• About this exercise:
Return each line of the listing below, unchanged, and omit the images.

Given data section start

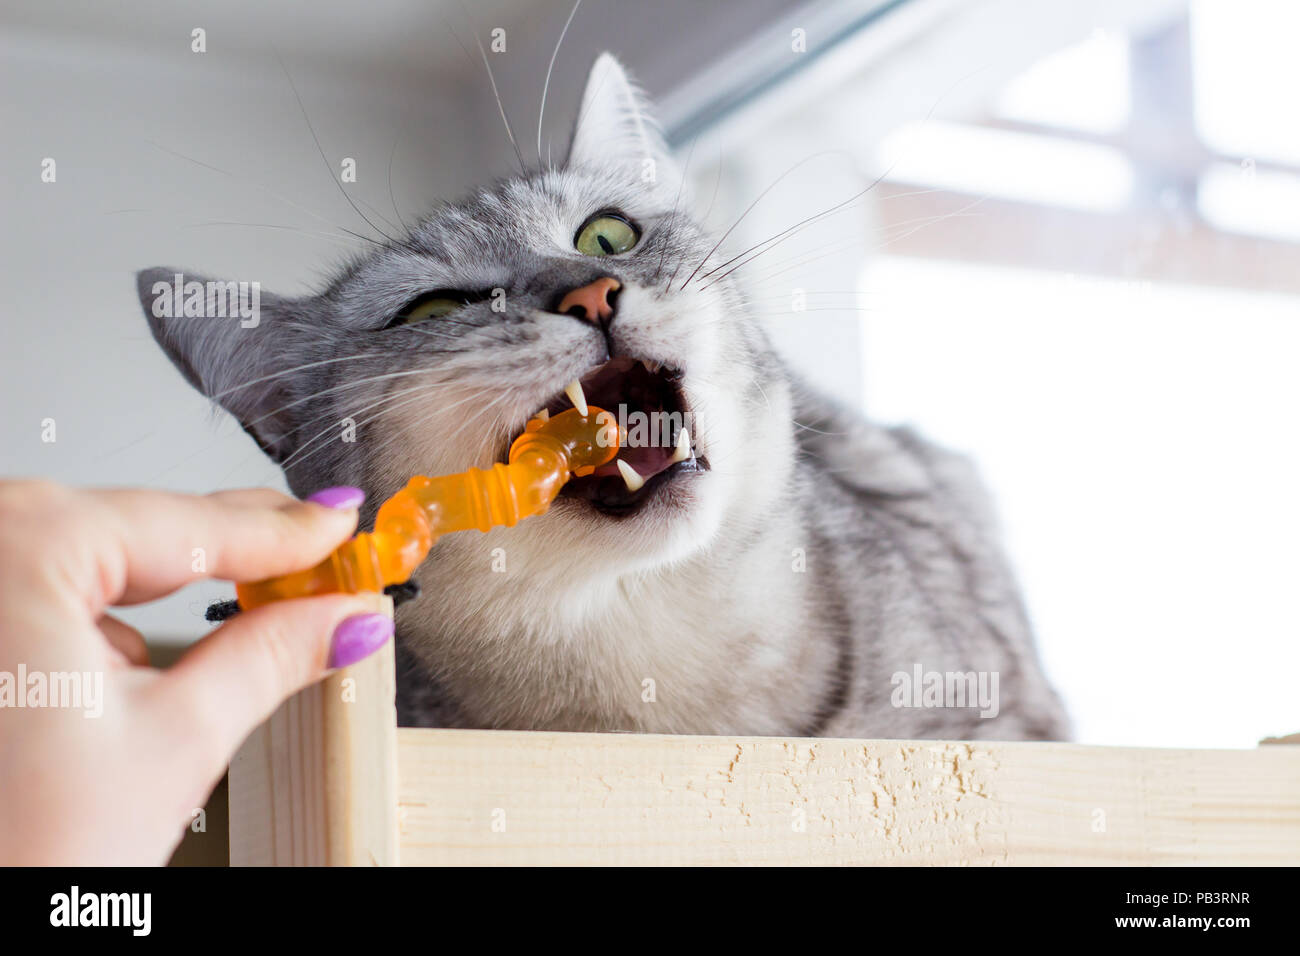 Arrabbiato Scottish cat bite orange giocattolo e giocare con la mano umana. Foto Stock
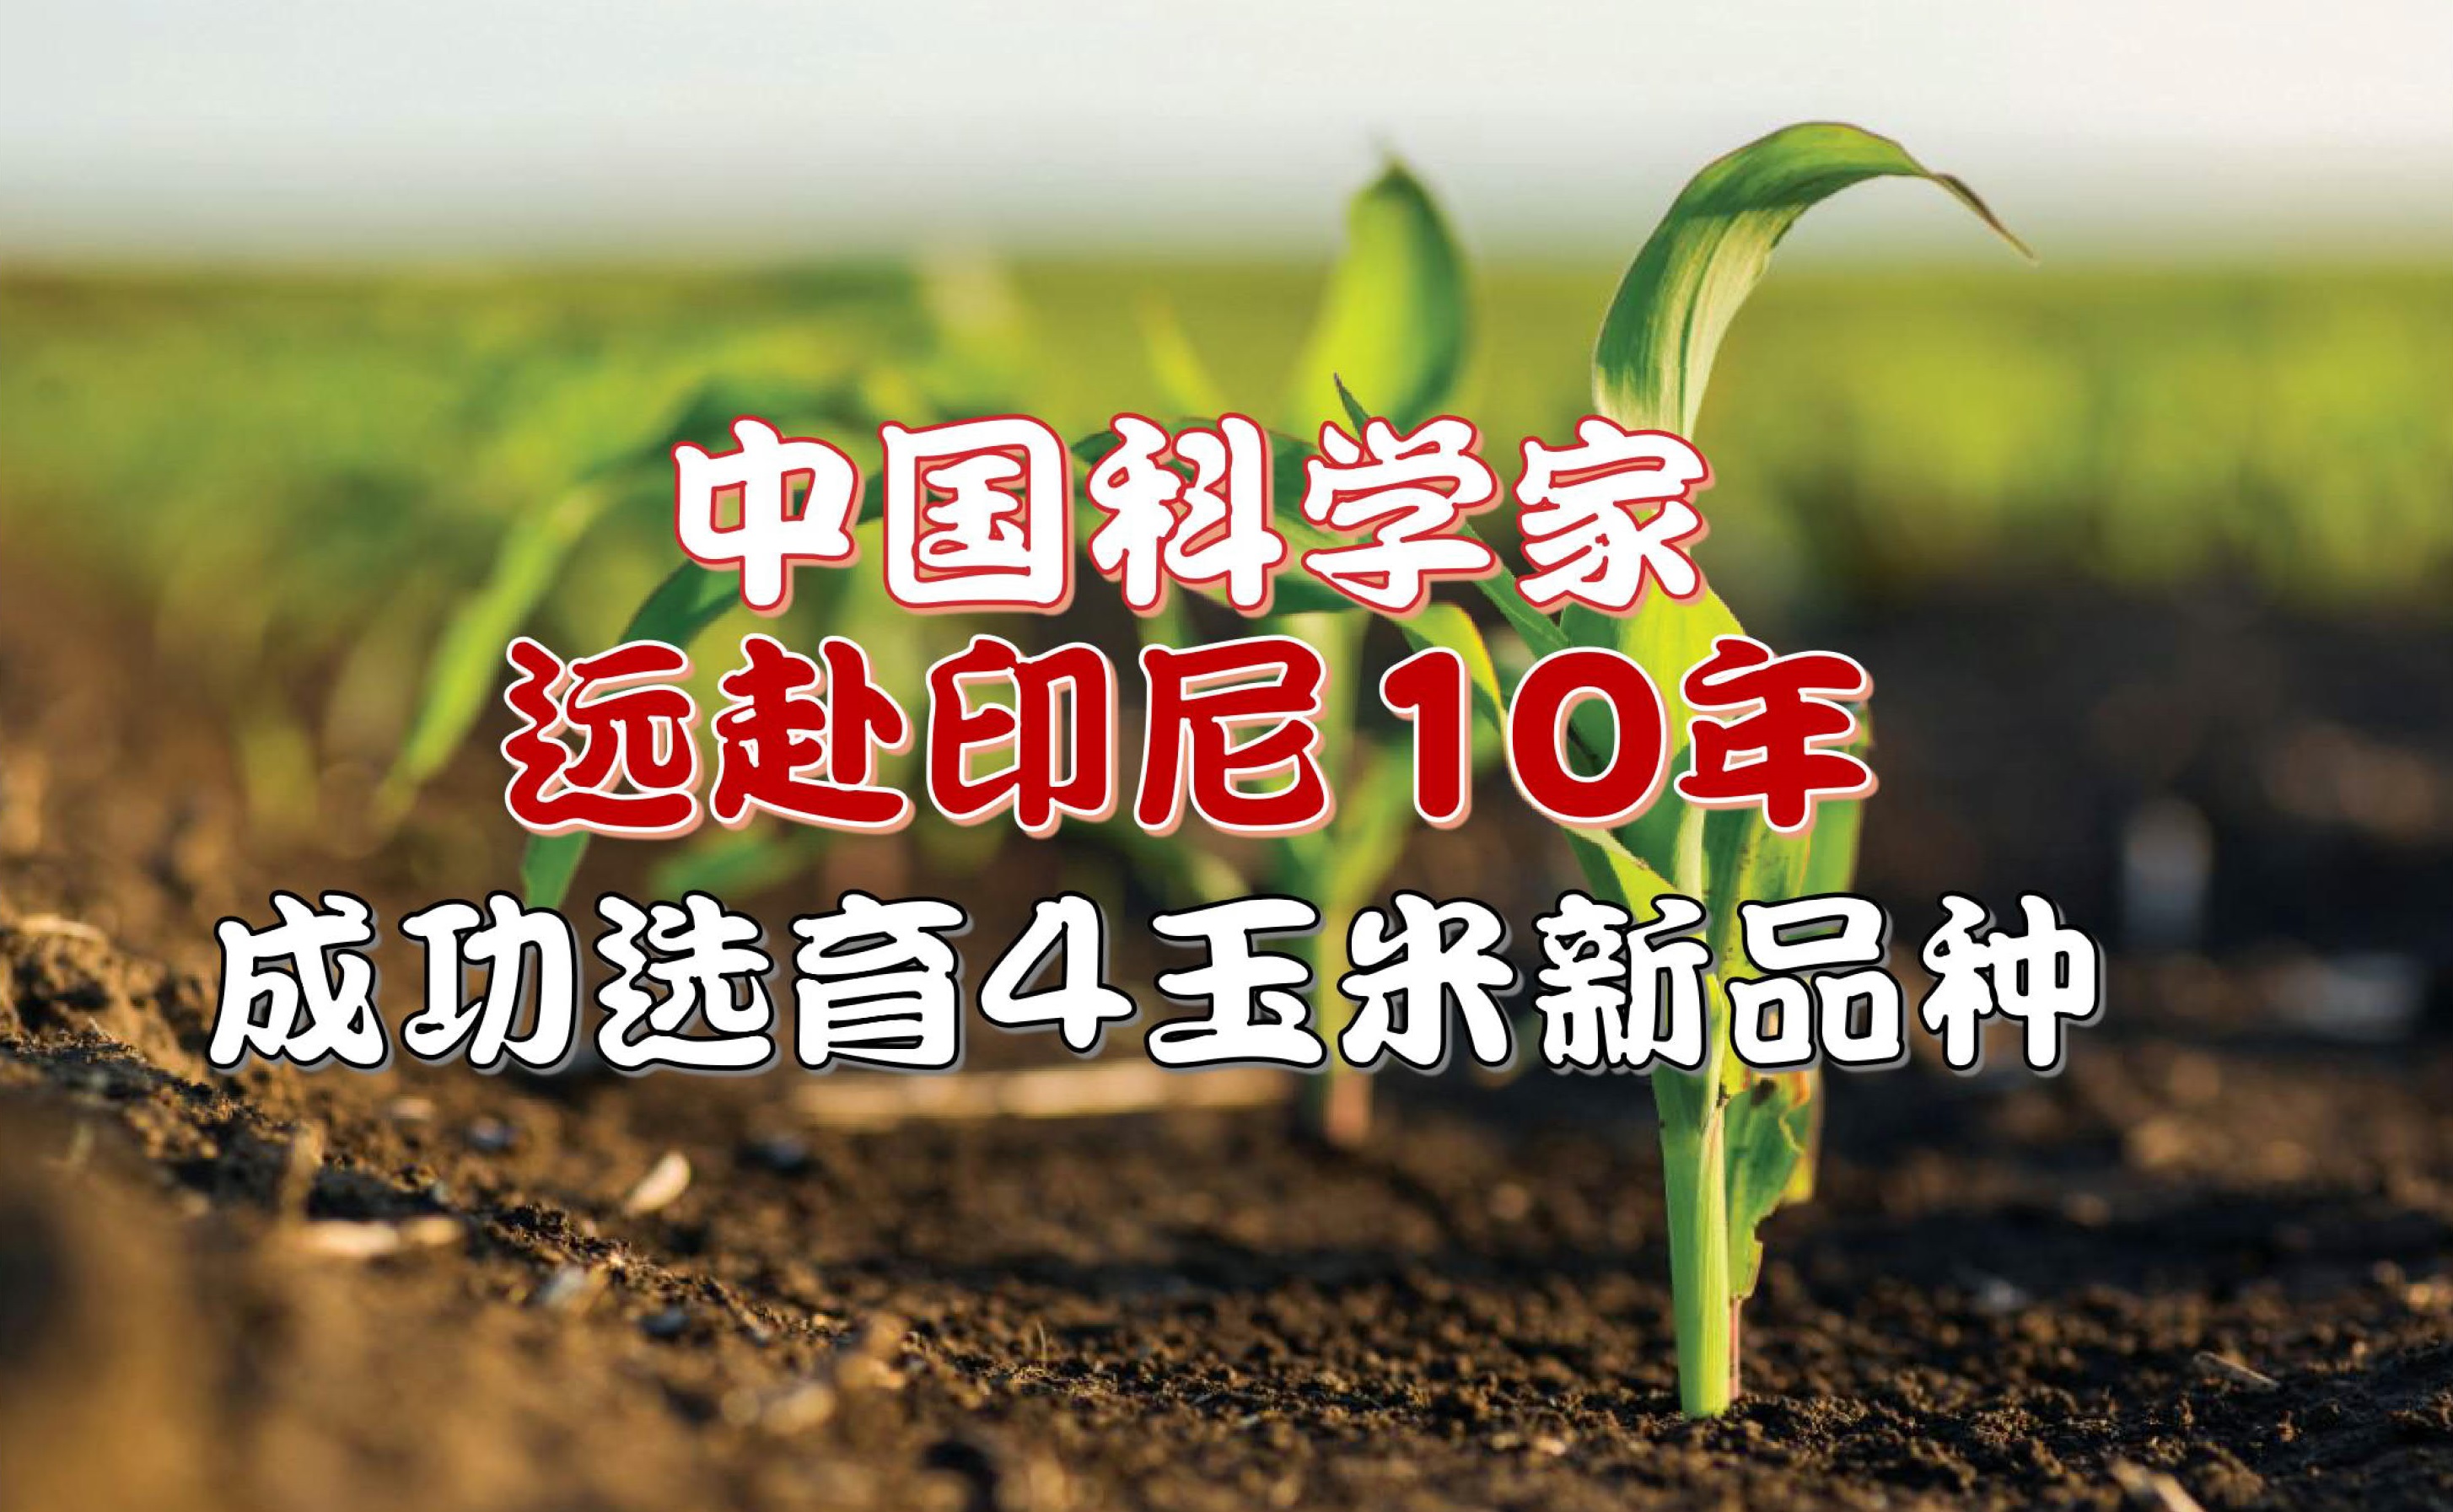 中国科学家远赴印尼10年 成功选育4玉米新品种 - 农牧世界
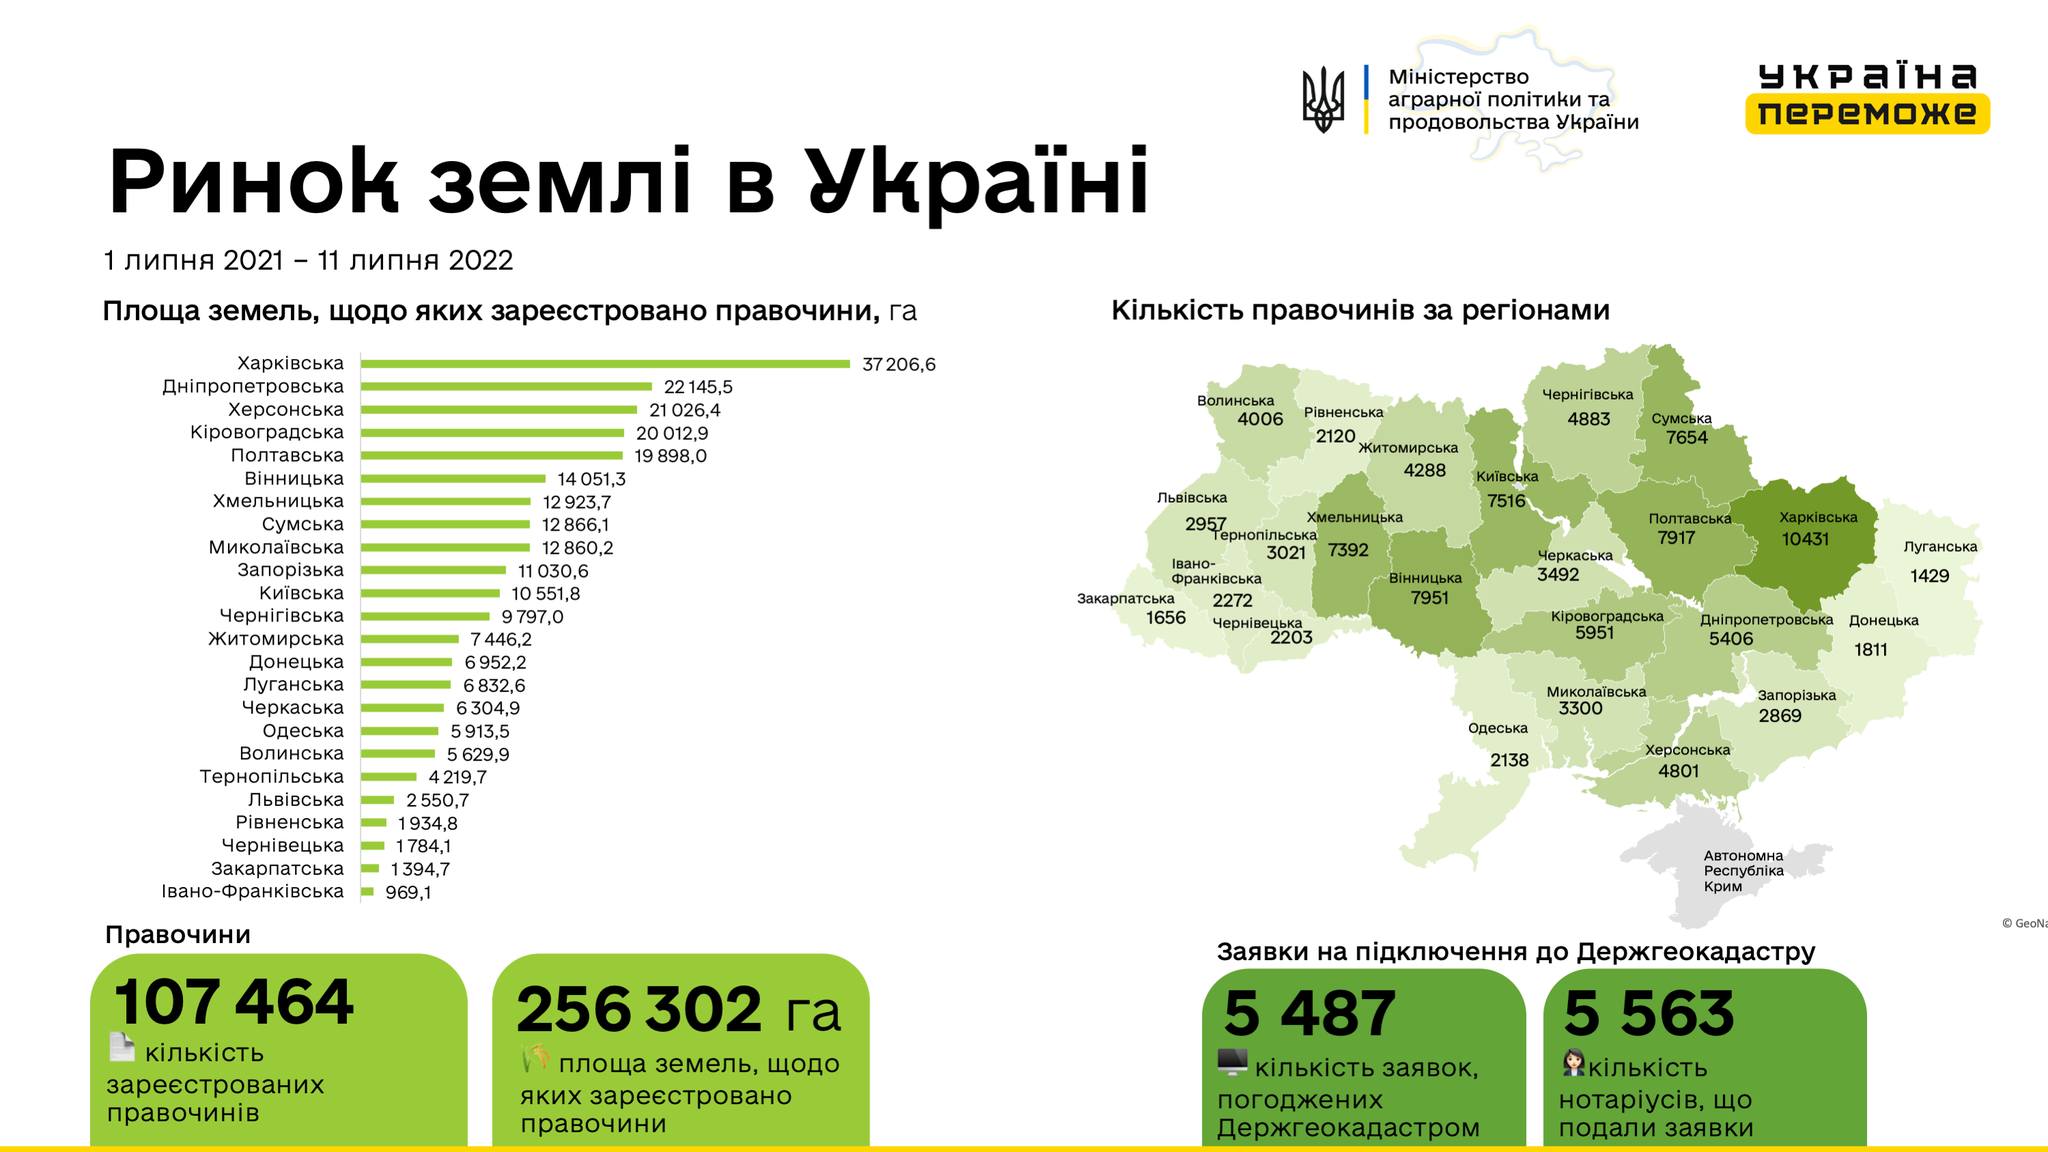 В Україні зареєстровано 107 464 земельних угоди

Given data section end

• Answer section:
 Arrabbiato Scottish cat bite orange giocattolo e giocare con la mano umana. Foto Stock
 中国科学家远赴印尼10年 成功选育4玉米新品种 - 农牧世界
 В Україні зареєстровано 107 464 земельних угоди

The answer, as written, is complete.